Bug 564327

Summary: Position handling in document is a bottle neck for large docs with many positions
Product: [Eclipse Project] Platform Reporter: Sebastian Zarnekow <sebastian.zarnekow>
Component: TextAssignee: Platform-Text-Inbox <platform-text-inbox>
Status: NEW --- QA Contact:
Severity: normal    
Priority: P3    
Version: 4.16   
Target Milestone: ---   
Hardware: PC   
OS: Mac OS X   
Whiteboard:
Attachments:
Description Flags
Test case none

Description Sebastian Zarnekow CLA 2020-06-16 05:34:06 EDT
Created attachment 283296 [details]
Test case

Large documents that a large number of positions will suffer from poor editing experience due to the position handling in the document.

The document maintains two sorted lists (by start offset, by end offset) of positions what are populated one-by-one and the lookup has basically a fall-back to a complete scan of the lists.
While these lists / the algorithm serves its purpose, it imposes also some performance penalties that can be avoided. The attached test illustrates the runtime behaviour with large documents (numbers below).

I'd like to propose an extension to the IPositionUpdater that basically shifts the entire responsibility for storing / maintaining the positions of a given category into the updater. Implementations, that guarantee non-overlapping positions (e.g. the highlighter in JDT) can exploit more efficient data structures and algorithms to update the positions on document changes.
It would also be worthwhile to have IDocument.addPositions(String, List<Position>) and IDocument.removePositions respectively to allow to trigger bulk changes and avoid the unnecessary costs of repetitive insertion sorting into the positions lists.

I'm willing to work on this and provide a Gerrit, if you consider this interesting.

The promised numbers to illustrate the urgency of this.

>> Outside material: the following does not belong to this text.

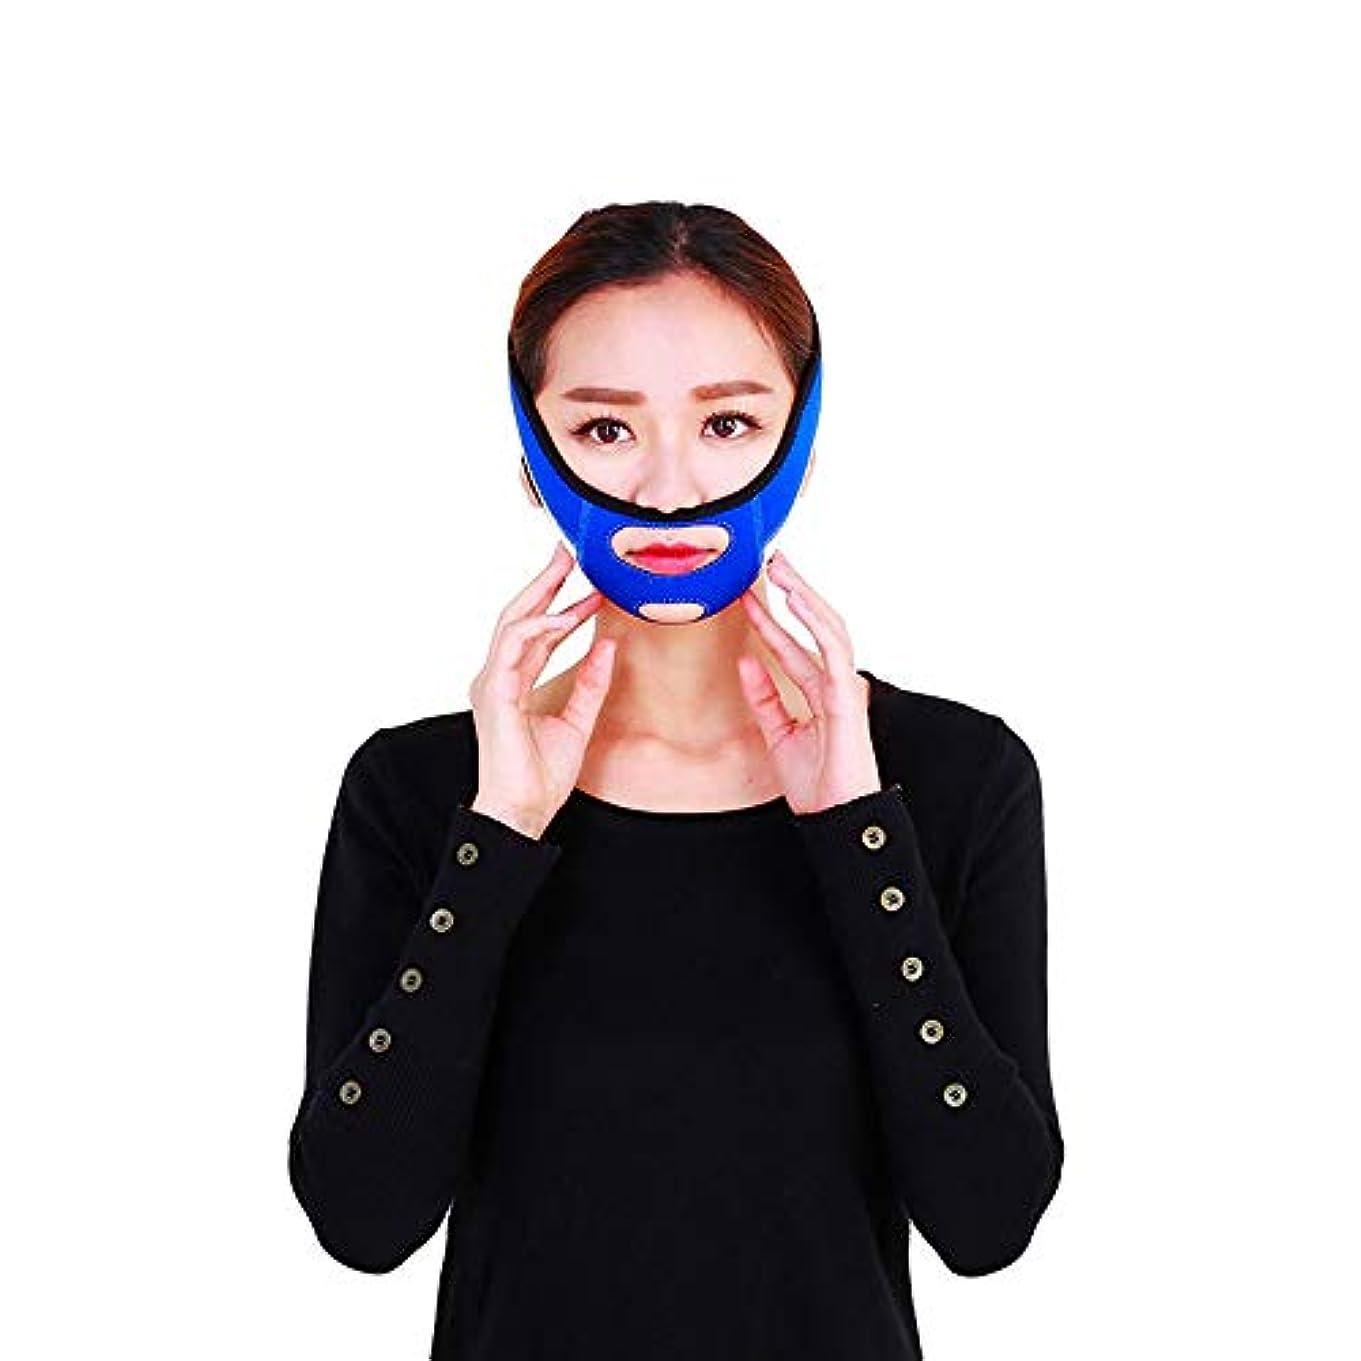 鉱石熱バスケットボールGYZ フェイシャルリフティング痩身ベルトフェーススリム二重あごを取り除くアンチエイジングリンクルフェイス包帯マスク整形マスクが顔を引き締める Thin Face Belt

#of positions|category|action
50000|highlighting|Add (ms): 31
50000|highlighting|Replace (ms): 9
50000|highlighting|Remove (ms): 256
290164|highlighting|Add (ms): 70
290164|highlighting|Replace (ms): 7
290164|highlighting|Remove (ms): 11497
50000|__dflt_position_category|Add (ms): 20
50000|__dflt_position_category|Replace (ms): 102
50000|__dflt_position_category|Remove (ms): 518
290164|__dflt_position_category|Add (ms): 58
290164|__dflt_position_category|Replace (ms): 4009
290164|__dflt_position_category|Remove (ms): 15886
50000|highlighting|Add (ms): 13
50000|highlighting|Replace (ms): 5
50000|highlighting|Re-Add (ms): 10
290164|highlighting|Add (ms): 100
290164|highlighting|Replace (ms): 3
290164|highlighting|Re-Add (ms): 32

Please note that the position update is triggered synchronously with the document event on the UI thread.
- Add is a loop that adds # positions.
- Replace is a document change that deletes 50% of the document content.
- Remove is a loop over all positions to remove the deleted positions from the document.
- Re-Add: same effect as "Remove", but remove the entire category and re-add only the positions, that are not deleted. I put this here to show the potential that even the most naive, custom position management has on the runtime.